Arya stared hard at Jaime as the crowd fell silent; silently smothering the outward manifestation of her anger as it tightened the muscles in her jaw and threw her entire body into a raging desire to draw her sword and decapitate him where he stood for such a blatant act of provocation. The king, the queen, and the lords of the North and South were all looking on in deadly and unbearable anticipation; some looking at her; some looking at Aegon; all waiting, on the edges of their seats, to see how she would respond to the insult against her sister; how she would face the threat of war that hung heavy in the air like a bloody spectre, waiting for her on the other side of whichever decision she would make.

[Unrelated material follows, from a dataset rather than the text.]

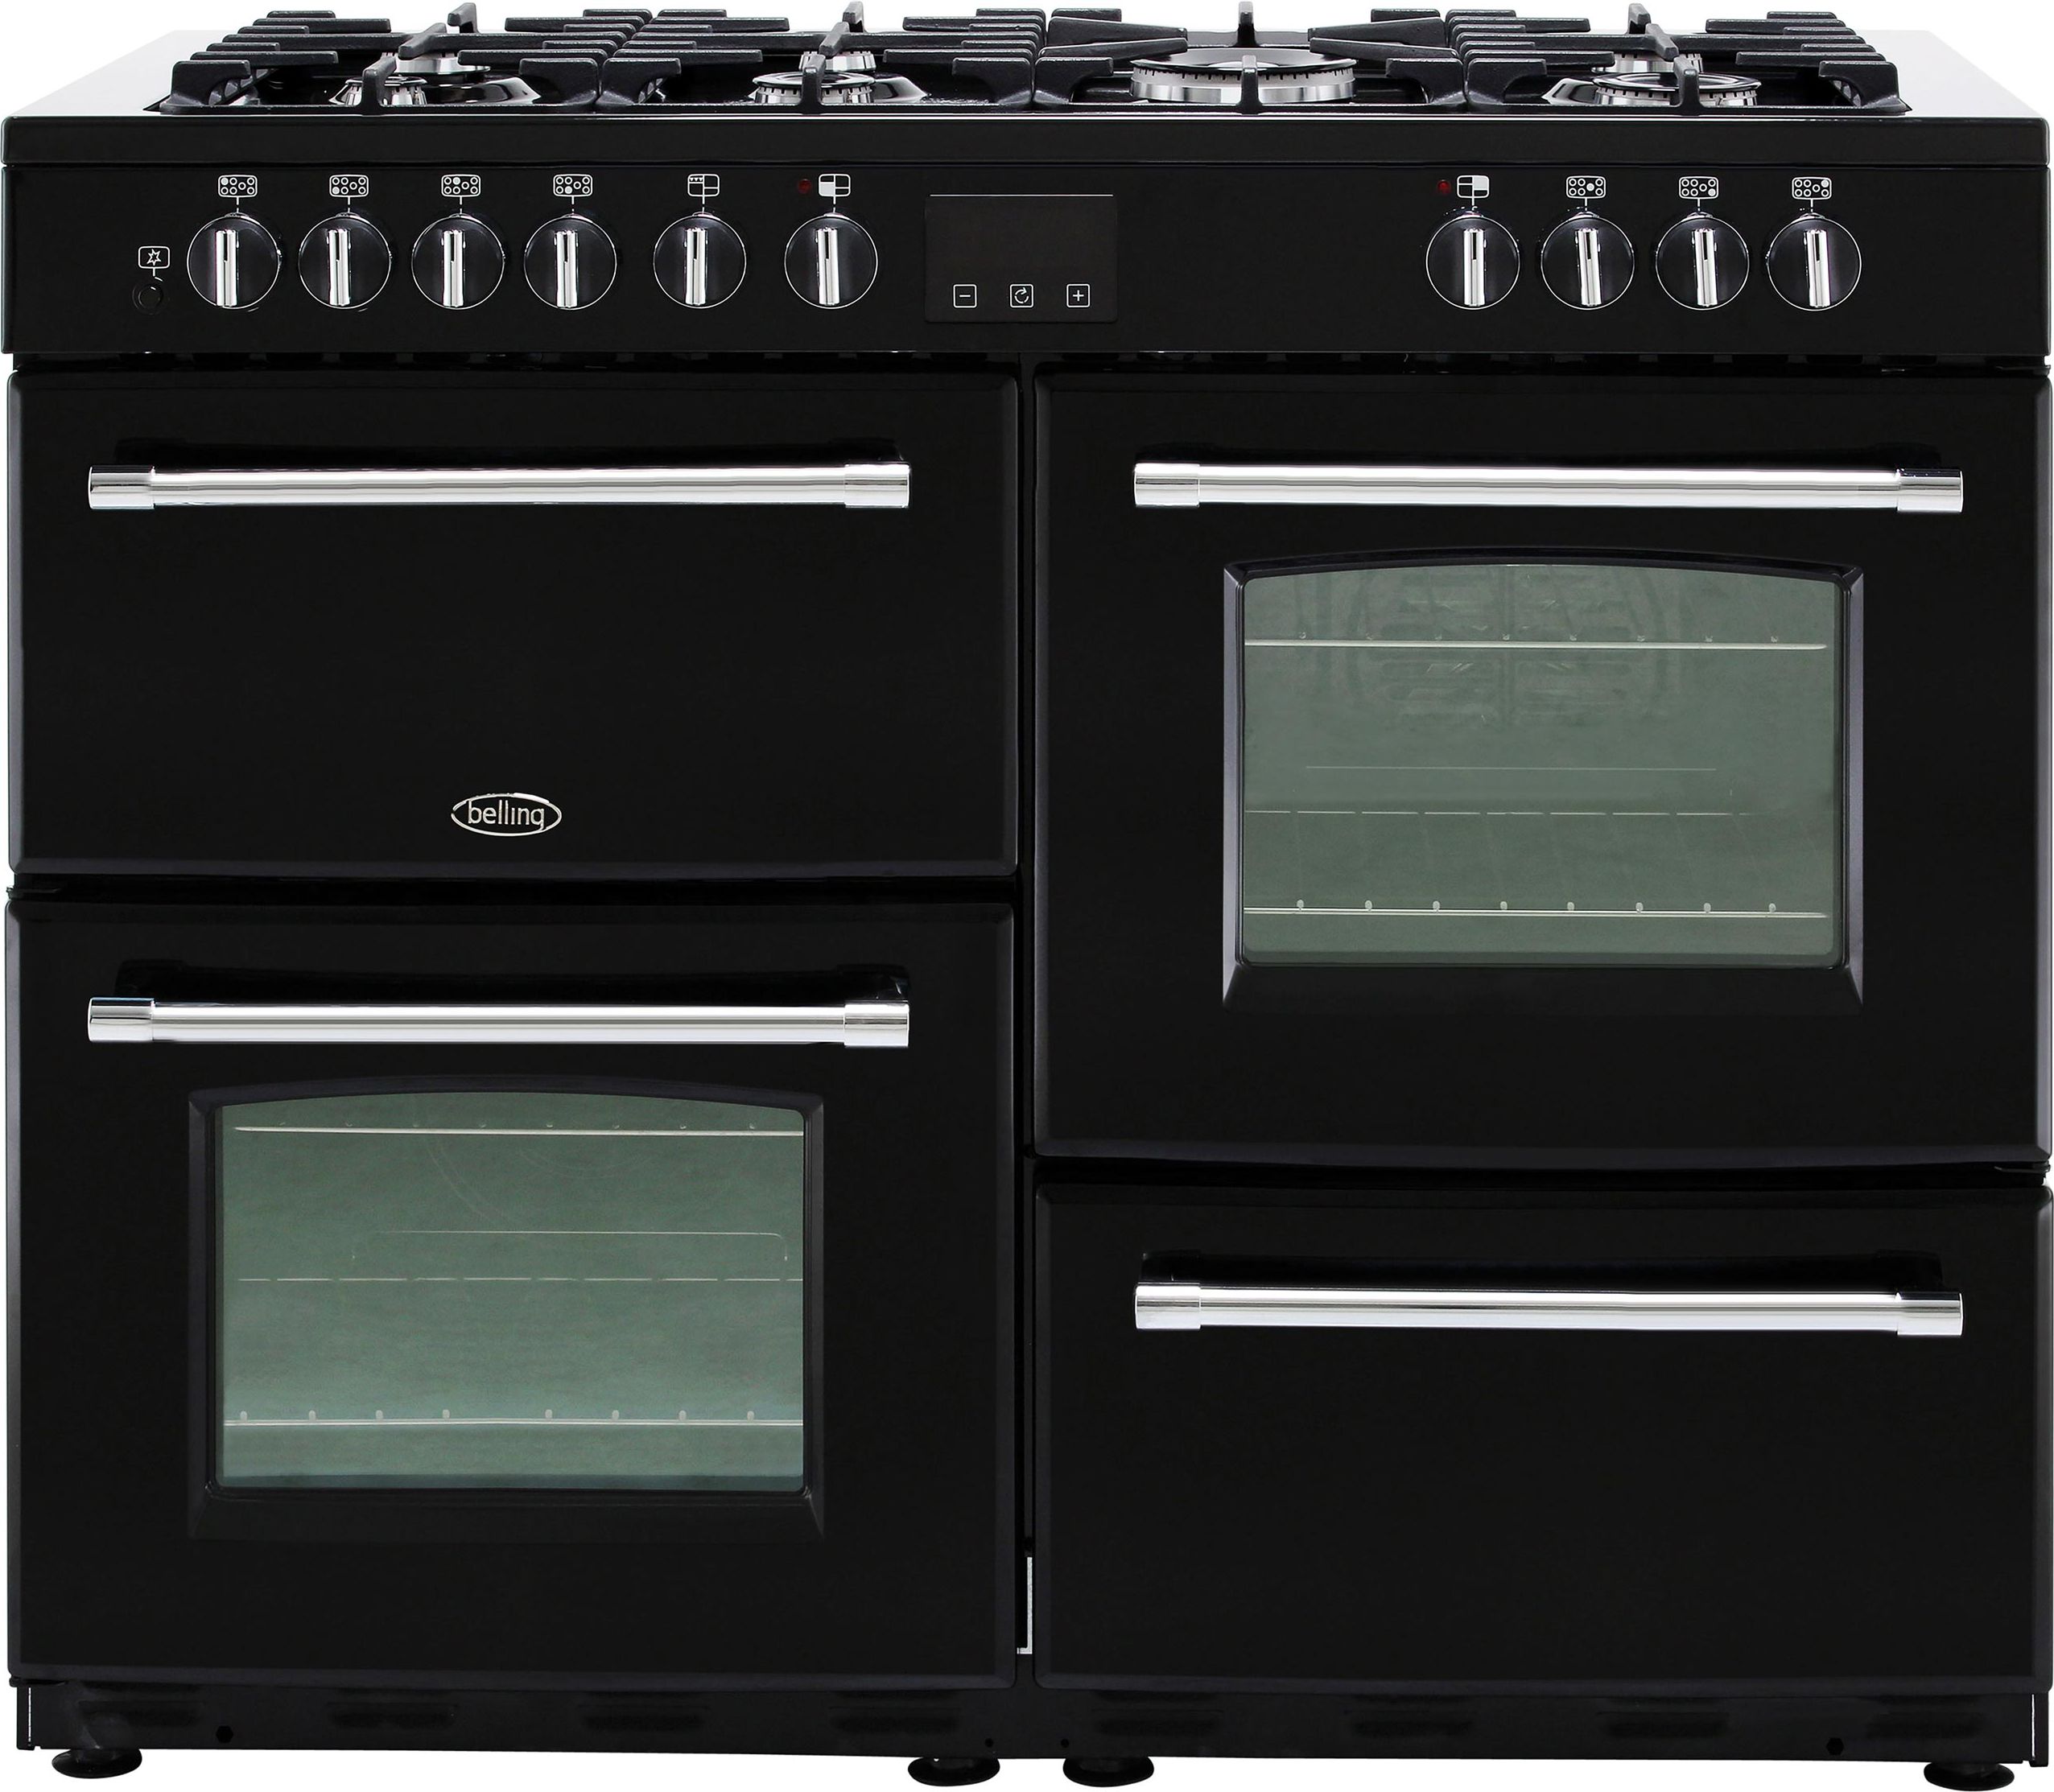 Belling Farmhouse110DF 110cm Dual Fuel Range Cooker - Black - A/A Rated, Black

If she accepted the crown, the North would be offended. If she declined it, the South would be offended. Both sides would rush to defend themselves. And all Seven Kingdoms would once again sink into the blood-stained comfort and familiarity of war, and once again steer clear of the uncharted waters of reconciliation.

Jaime knew this. He knew all of it, and he didn't care; smiling at her as one would at an enemy that one had trapped in a corner.

I was wrong about him, Arya thought, he really does care for no one but himself; for nothing but his own freedom.

And yet the way that he had fought had been beautiful – so unspeakably, achingly beautiful – and in his face she could see that beauty; that beauty, and the space inside him, the missing thing, the missing thing that he had and that she had too.

That's all very well; Arya thought, but none of those things make the man any less of a jackass.

She knew that she should have looked to her King to tell her what to do: to accept the crown, or to reject it, to accept war and to reject peace. She was only a servant of his will, after all, and such a decision should be his alone. But the crowd was beginning to fidget, and Jaime to look surer and surer of himself; and the King and Queen were whispering frantically together; saying nothing to her, doing nothing. And seizing Loras' arm as she murmured something about feeling hot, Arya took a step backwards and quietly pretended to faint.